Takeover of Academically Distressed School Districts Ruled Constitutional

State lawmakers did not violate the Ohio Constitution when they added a 67-page amendment allowing the takeover of academically distressed local school districts to a 10-page bill and passed the measure on the same day, the Ohio Supreme Court ruled today.

A divided Supreme Court ruled that House Bill 70, introduced in 2015 to create community learning centers, had the same “common purpose of seeking to improve underperforming schools” when it was enacted. The bill contained provisions appointing a chief executive officer with “complete operational, managerial, and instructional” control of a distressed school district.

Writing the Court’s lead opinion, Chief Justice Maureen O’Connor wrote the Court was “sympathetic” to the Youngstown City Schools Board of Education, which challenged the takeover of the district and argued the last-minute addition of the amendment violated the Ohio Constitution’s “three-consideration rule.” However, the chief justice noted the rule does not require any specific level of deliberation or debate as long as the bill is not “vitally altered.”

“It is not our role to police how the amended language came into existence,” she wrote.

Justice Patrick F. Fischer joined the chief justice’s opinion.

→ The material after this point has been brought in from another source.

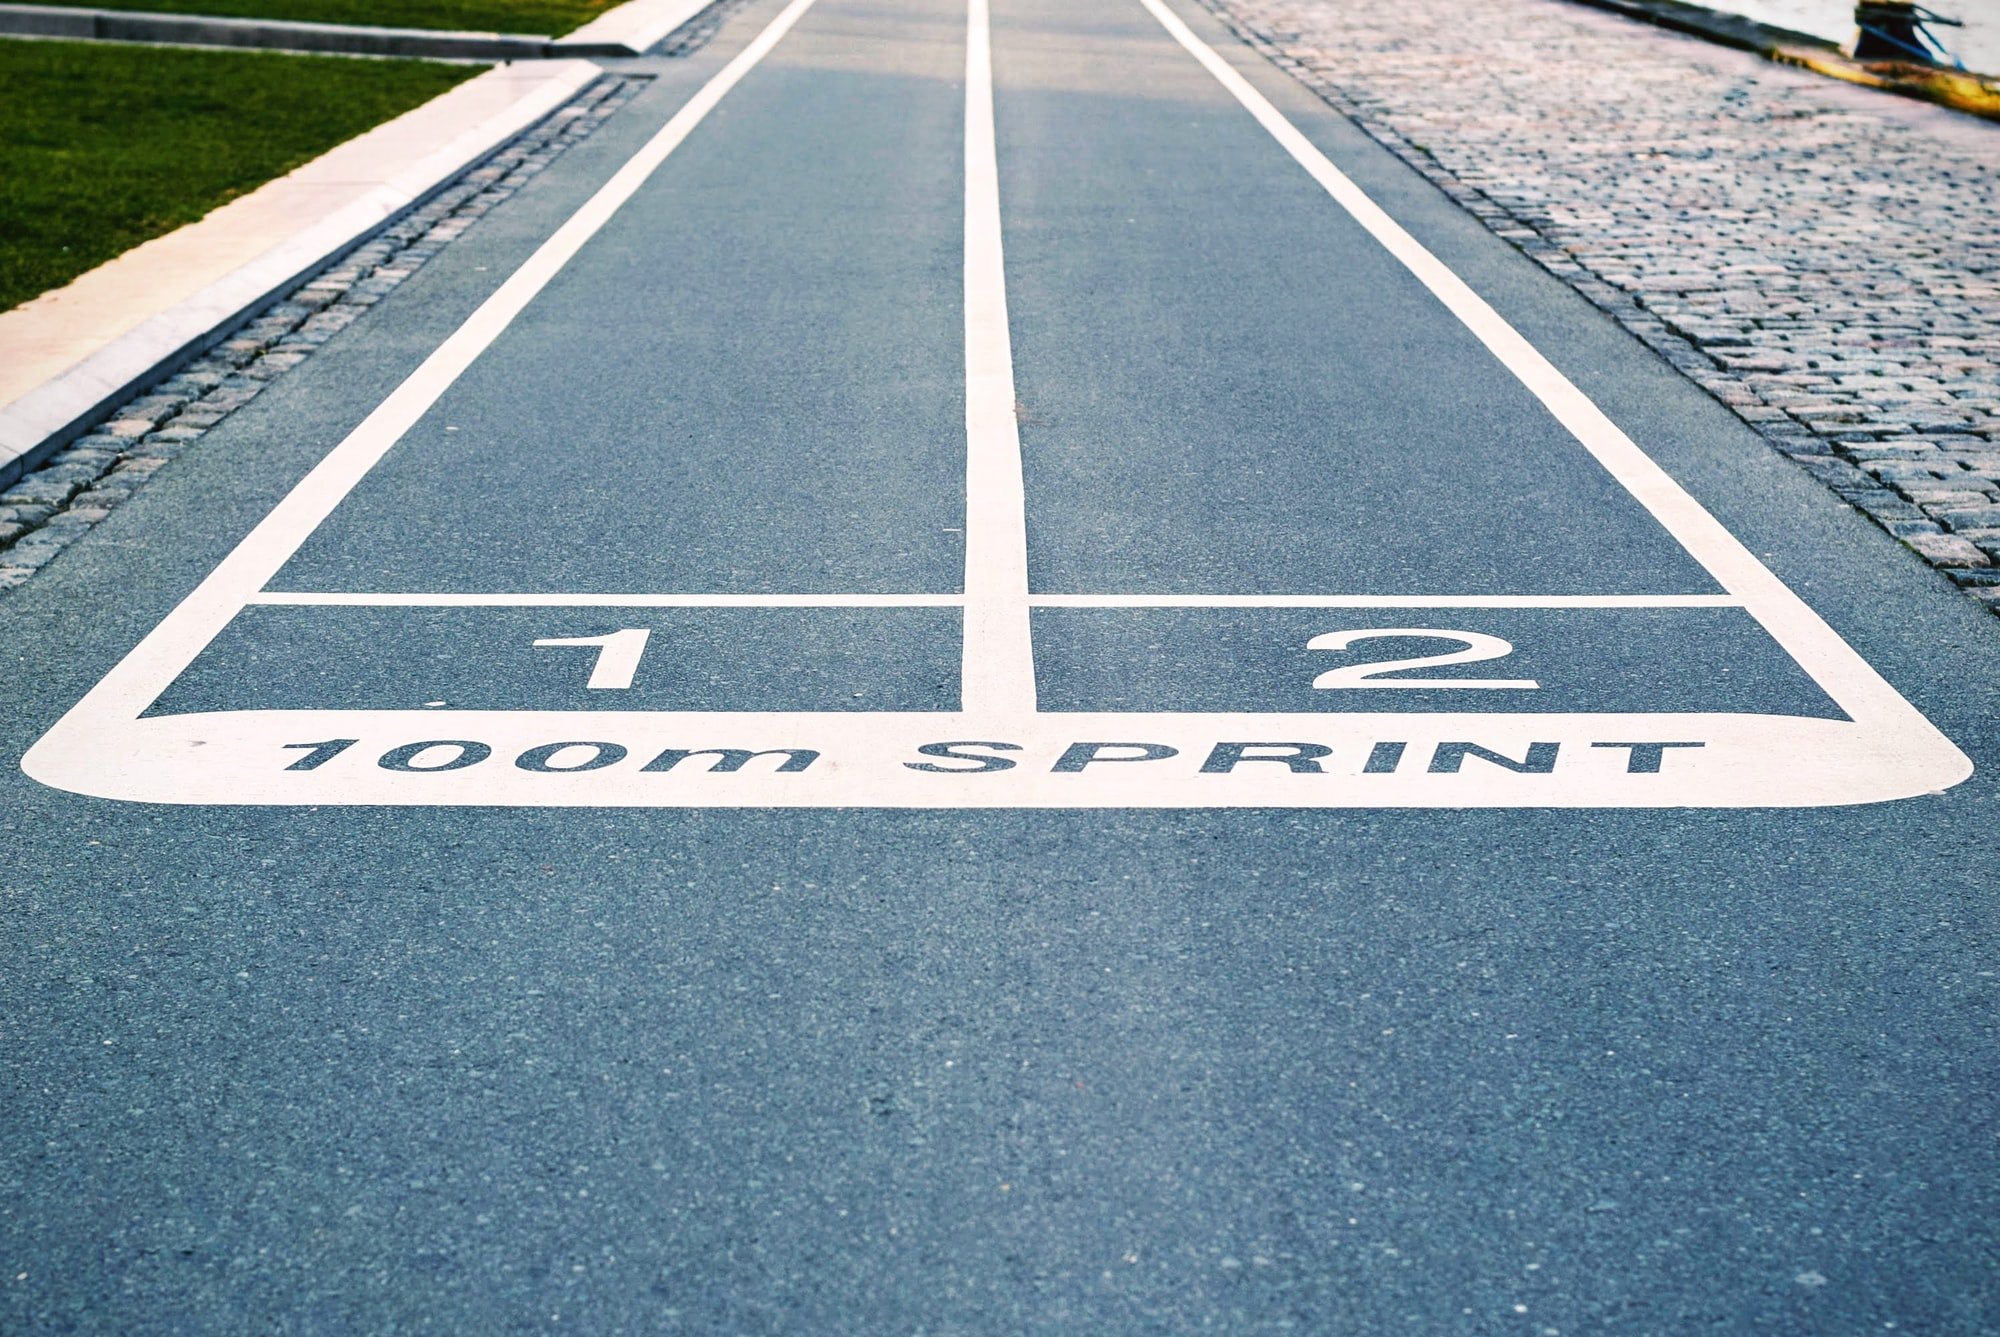 How do I plan my sprints?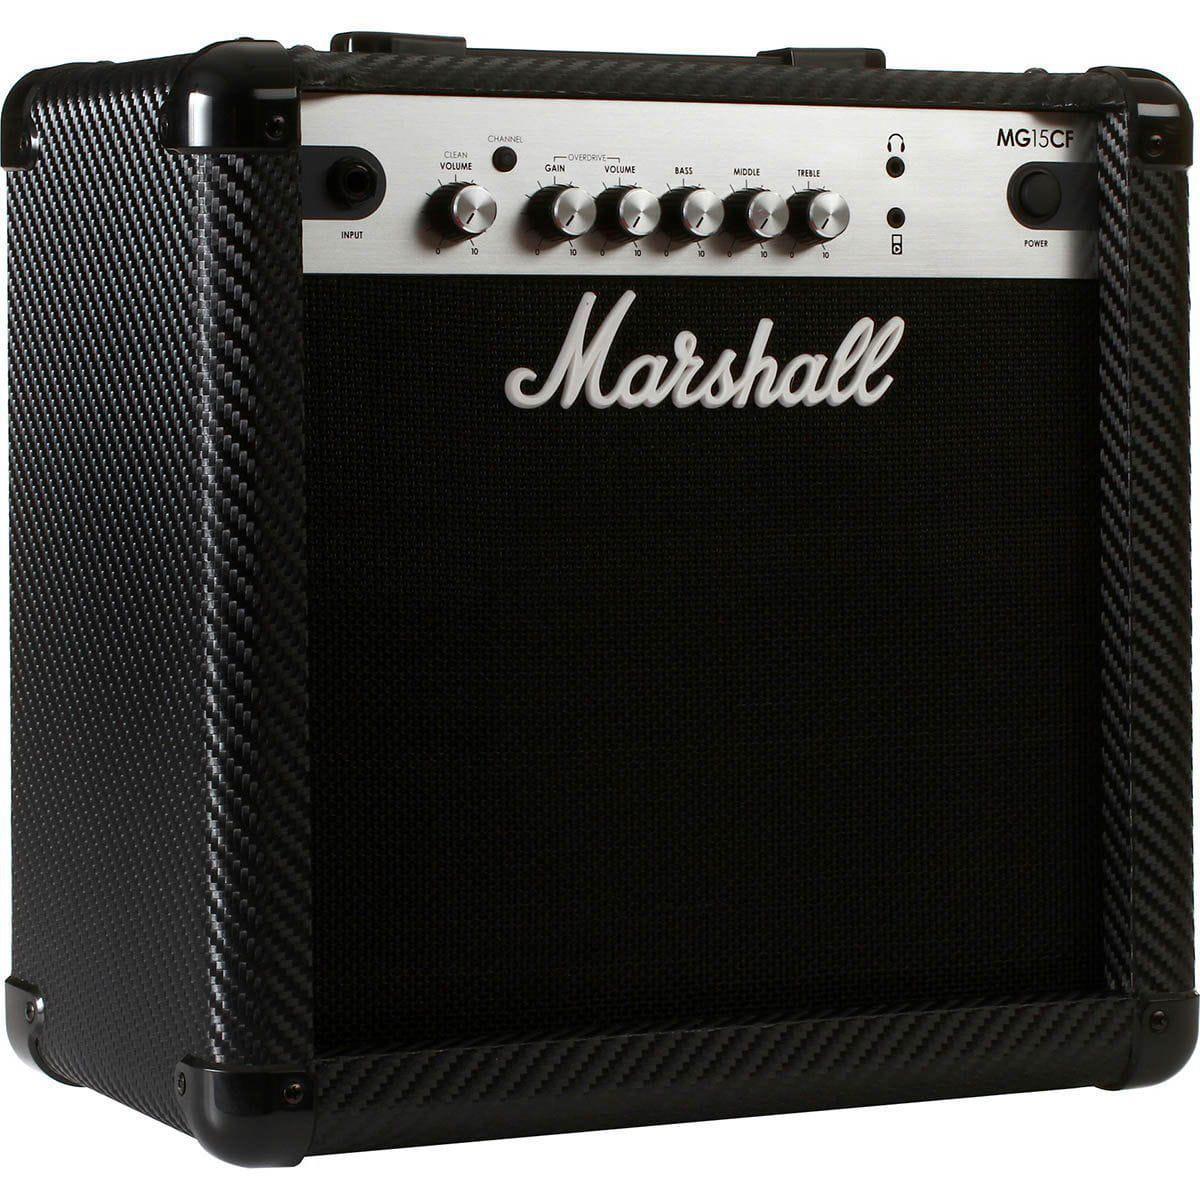 Marshall Amplificador Cubo para Guitarra MG15CF (8''/15w RMS)

Justice Sharon L. Kennedy concurred in part and concurred in judgment only in part, with a written opinion. Justice R. Patrick DeWine joined Justice Kennedy’s opinion.

Justice Judith L. French concurred with a separate written opinion.

Justices Michael P. Donnelly and Melody J. Stewart dissented with separate written opinions.

Justice Donnelly stated that by any fair measure, “the amendments added by the Senate at the 11th hour” did not receive the required three considerations in either house of the General Assembly. He described today’s ruling as a “travesty of justice,” and “an egregious display of constitutional grade inflation.” Justice Stewart wrote the decision is a “complete abdication” of the Court’s role as guardian of the state constitution.

The Court’s ruling affirmed decisions by the Tenth District Court of Appeals and the Franklin County Common Pleas Court. Both had ruled the state did not violate the Ohio Constitution when it enacted the reform law.

Change Added and Passed on Same Day
H.B. 70 was introduced in February 2015 to authorize school districts to create community learning centers at schools where academic performance is low. The bill defined a “community learning center” as a school that partners with community members to provide comprehensive educational, development, family, and health services to students and families during and after normal school hours. The bill as introduced was 10 pages.

The Ohio House of Representatives considered the bill for the first time on the day it was introduced, and considered it a second time a week later when it was referred to the House Education Committee. It received its third consideration in May 2015 when the House passed it.

The day after passage in the House, the Ohio Senate considered the bill for the first time, and a week later considered it a second time when it was referred to the Senate Education Committee. On June 24, 2015, the Senate Education Committee added a short amendment pertaining to community learning centers, and a 67-page amendment that modified the structure of academic-distress commissions.

The large amendment added the requirement that for any school district that received an overall “F” grade on its state report card for three consecutive years, an academic distress commission must appoint a CEO with complete control of the district.

The full Senate considered H.B. 70 for the third time that day, and passed the bill. The House received the Senate’s version on the same day. From the House floor, the representatives concurred with the Senate’s amendments and sent the bill to Gov. John Kasich, who signed the bill into law. The law took effect in October 2015.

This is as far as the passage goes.